The first-person narrator is José Altamirano. He was born in Colombia in 1855, the bastard son of a journalist father who coupled just one time with the Colombian wife of an American adventurer/engineer. Altamirano lived through the vicissitudes of Colombian politics and history until 1903, when the machinations of the United States - greased by several shiploads of marines and a chest of silver - brought about the secession of the State of Panama from the Republic of Colombia. That rupture, in turn, allowed the United States to pick up where the French had left off in building a trans-isthmus canal across Panama rather than Nicaragua. By coincidence Altamirano might have been able to thwart the Machiavellian maneuver by speaking up at a crucial moment, but he kept his silence. Plagued with guilt, he ended up abandoning his daughter in Panama and retreating to London for the remainder of his life. There, he was visited by Joseph Conrad, who was stymied in writing a novel set in an imaginary South American country called Costaguana. Altamirano spent a long evening with Conrad, relating his own story of Colombia and how it had been molded by the Angel of History, the Political Gorgon, the Journalism of Refraction, and human greed and ignorance. In doing so, Altamirano provided Conrad with the mythological/historical framework for what became his masterpiece, "Nostromo", only with a canal between two oceans having been transformed by Conrad into a silver mine. Altamirano then writes this, his own narrative, in 1924, shortly after the death of Joseph Conrad.

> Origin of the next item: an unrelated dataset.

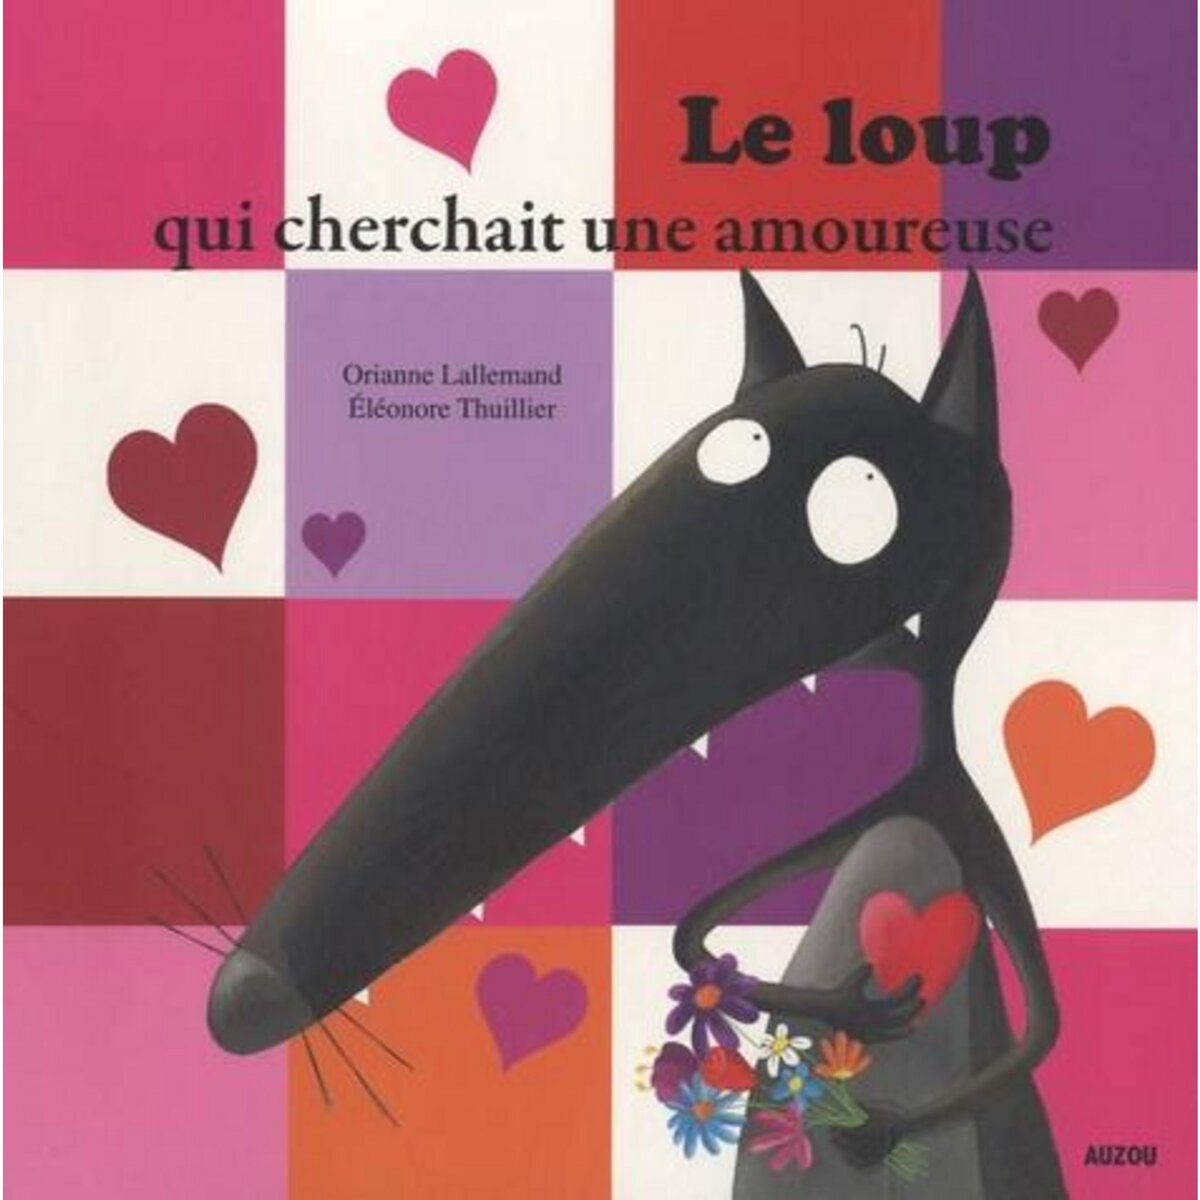 Le Loup qui apprivoisait ses émotions by Orianne Lallemand

The best part of THE SECRET HISTORY OF COSTAGUANA is its episodic portrayal of the post-colonial history of Colombia (and Panama) through 1903. Vásquez presents much of the evidence that justifies these various conclusions about his native land: (i) "Colombia is a play in five acts that someone tried to write in classical verse but that came out composed of the most vulgar prose, performed by actors with exaggerated gestures and terrible diction."; (ii) "The regular massacre of compatriots is our version of the changing of the guard."; and (iii) "We Colombians were taken by the hand of our big brothers, the Grown-up Countries. Our fate was played for on the gaming tables of other houses. In those poker games that resolved the most important issues of our history, we Colombians, Readers of the Jury, just sat there like statues."

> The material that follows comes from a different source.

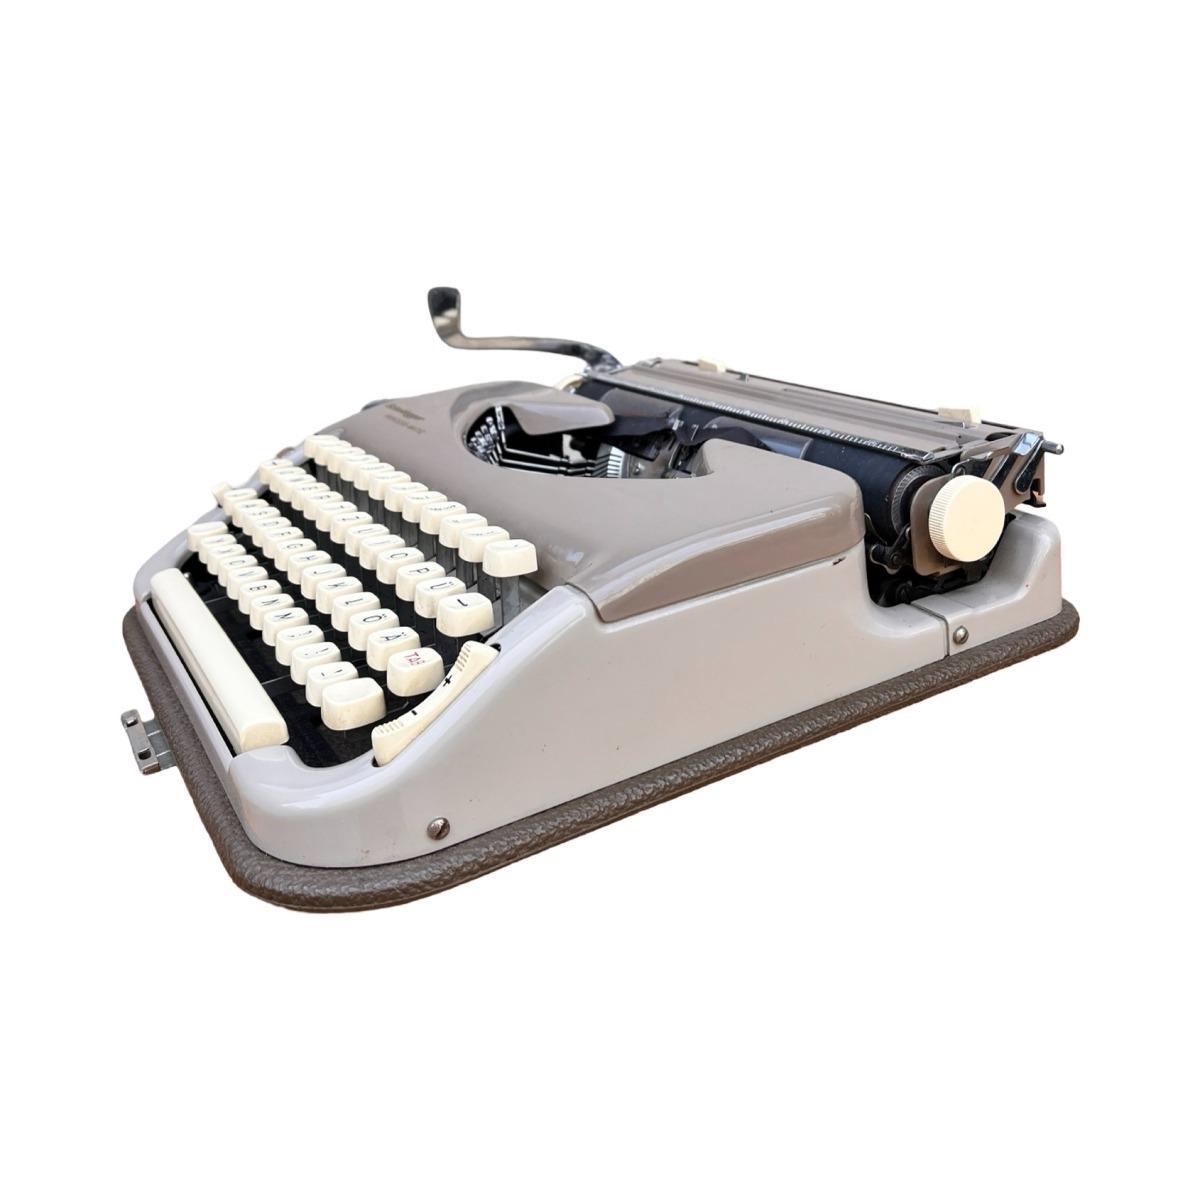 Walizkowa maszyna do pisania, Scheidegger PRINCESS-MATIC, Niemcy, lata 60. nr. 9

As those quotes exemplify, Vásquez's writing is playful, creative, zesty, and sprinkled with good, sardonic humor. There are many clever lines -- such as describing a drawing room cocktail party with "exchanges of witticisms that are the human version of dogs sniffing each other's tails". But for a novel-length work of serious literature, the tone is too light, too flippant. In the end, it imbues THE SECRET HISTORY OF COSTAGUANA with a sense of superficiality. There is no character development at all. Moreover, the reader is given little reason to care about any of the characters. Altamirano's abandonment of his daughter Eloisa is inexplicable, except as a facile vehicle for putting him in contact with Joseph Conrad. But then the entire Joseph Conrad episode (which, in actuality, takes up less than a tenth of the novel) strikes me as contrived. In my opinion, the novel would have been better off without it, though less marketable perhaps. In the end, I fear that THE SECRET HISTORY OF COSTAGUANA is Vásquez's contribution to a version of dogs sniffing each other's tails being played out in today's literary world.